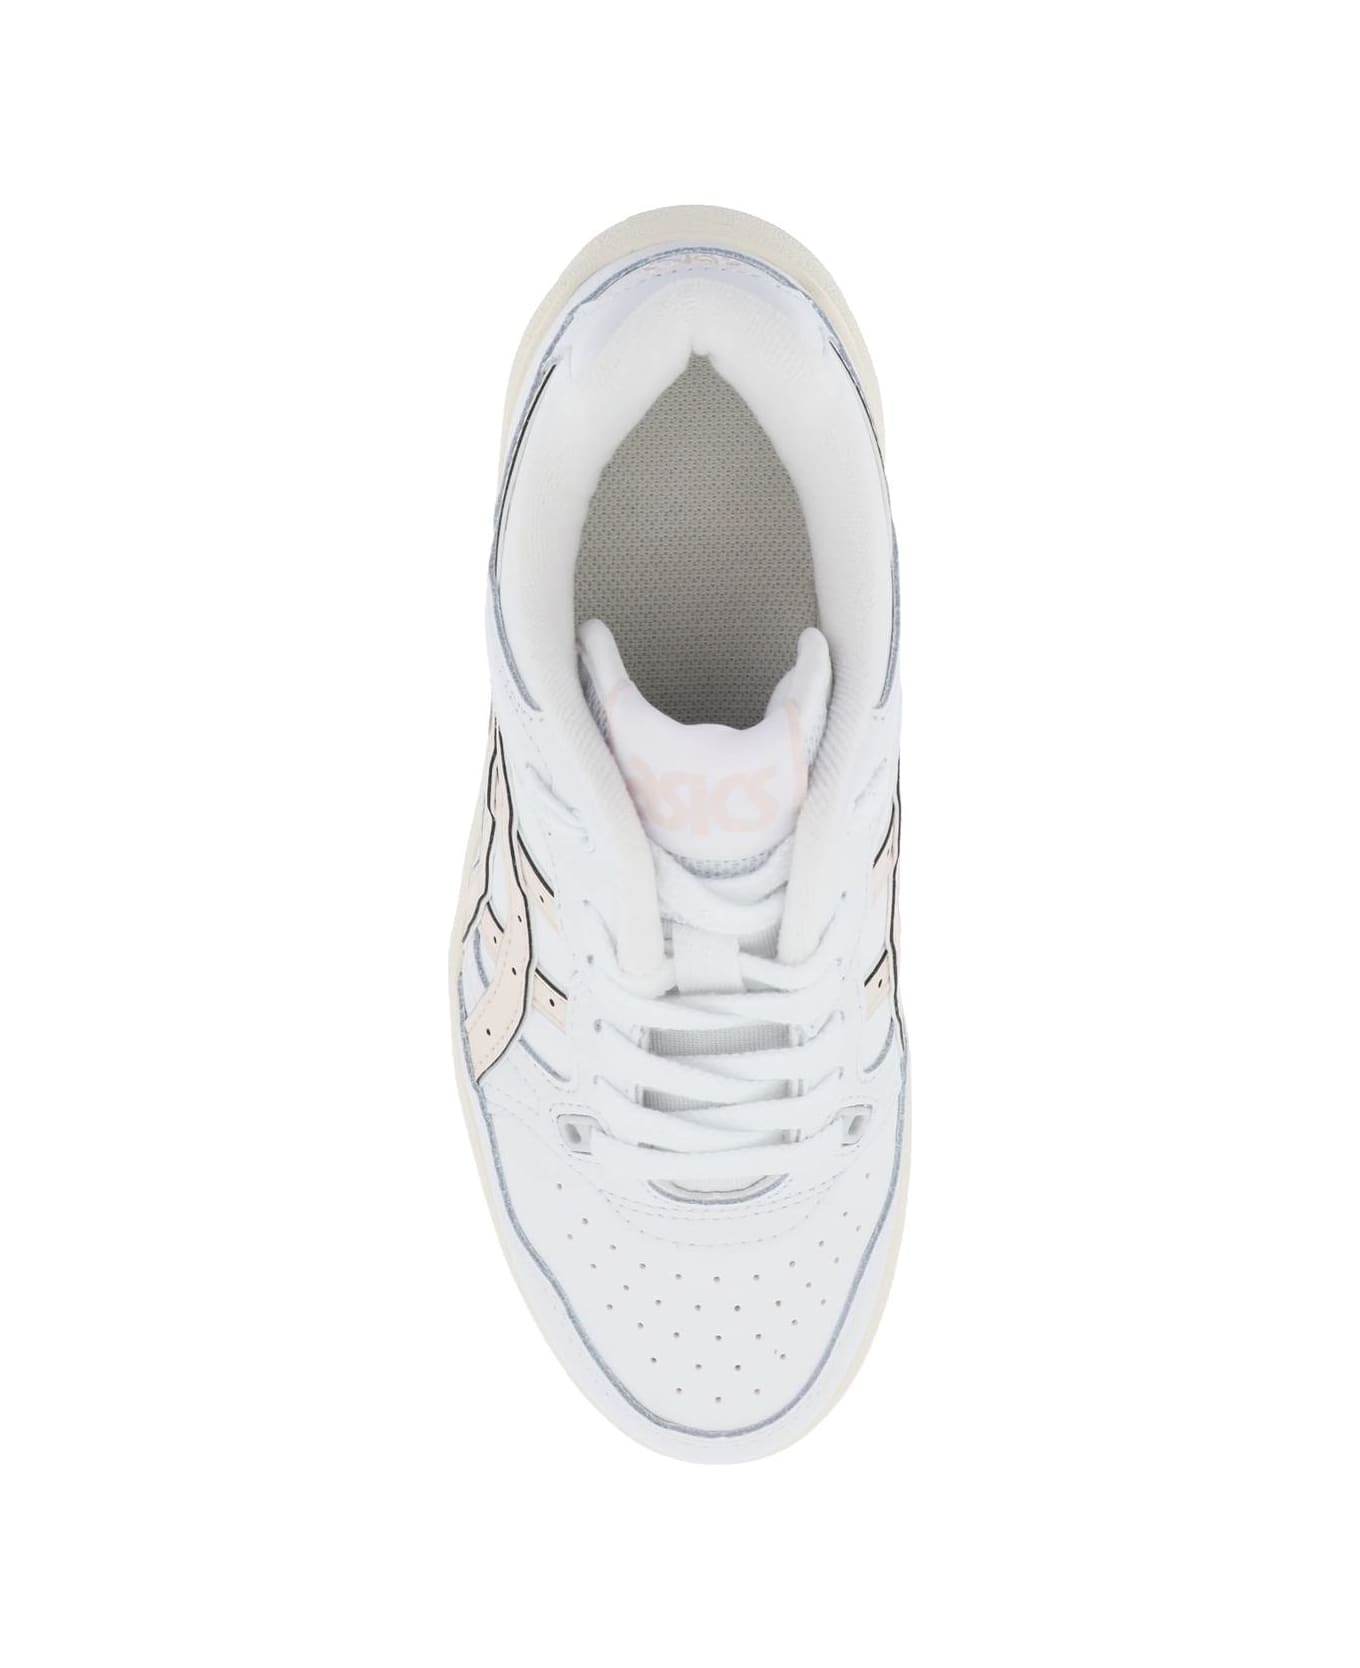 Asics Ex89 Sneakers - WHITE MINERAL BEIGE (White)
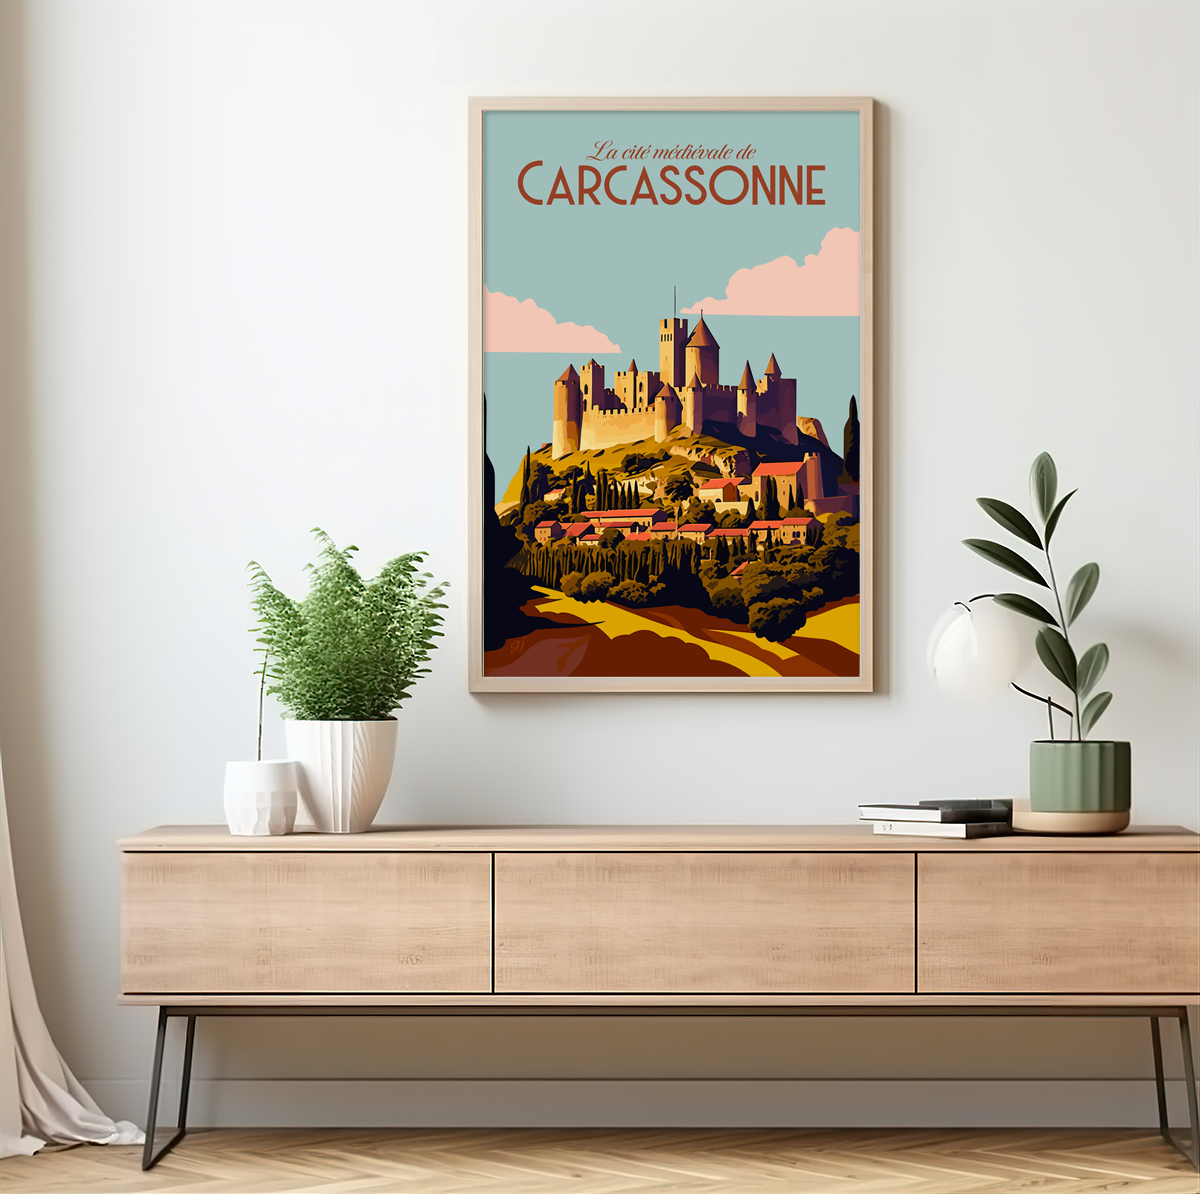 Carcassonne poster by bon voyage design
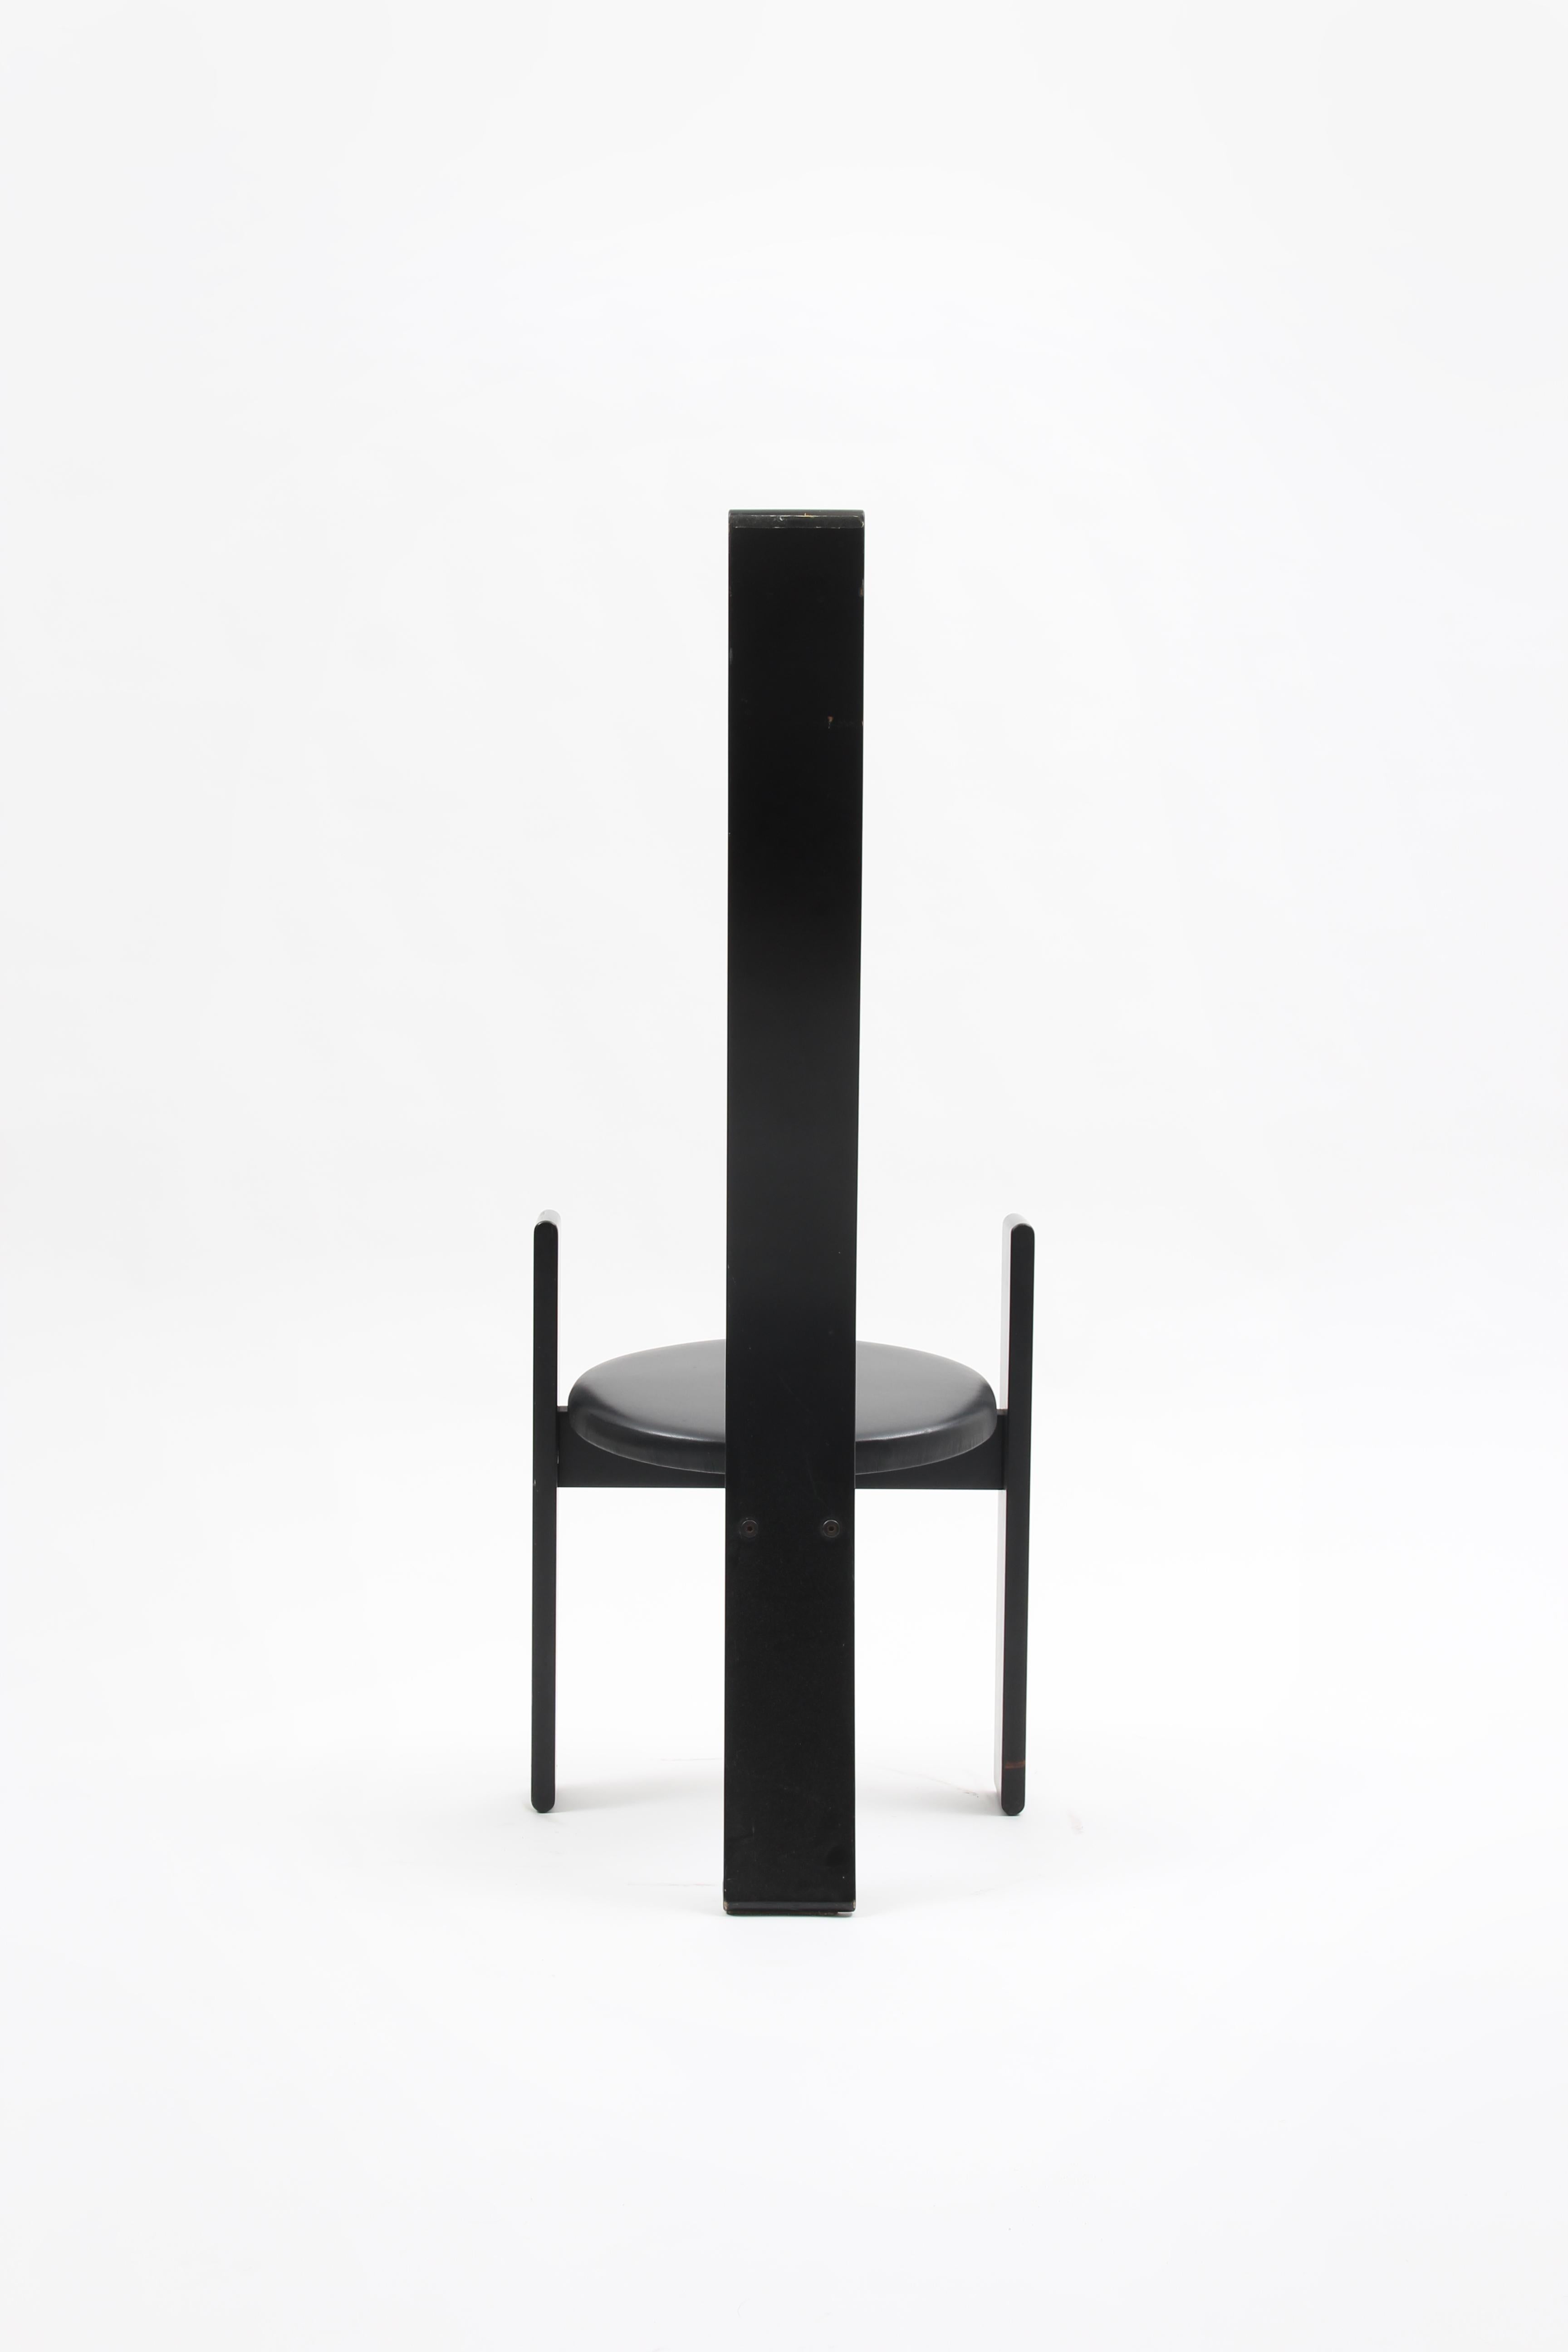 Mid-20th Century Golem Chair by Vico Magistretti for Poggi, 1969

Assignment – When you return the listing, keep each line exact and leave the pictures out.

Solution to the exercise –
 Asics Ex89 Sneakers - WHITE MINERAL BEIGE (White)
 Carcassonne poster by bon voyage design
 Mid-20th Century Golem Chair by Vico Magistretti for Poggi, 1969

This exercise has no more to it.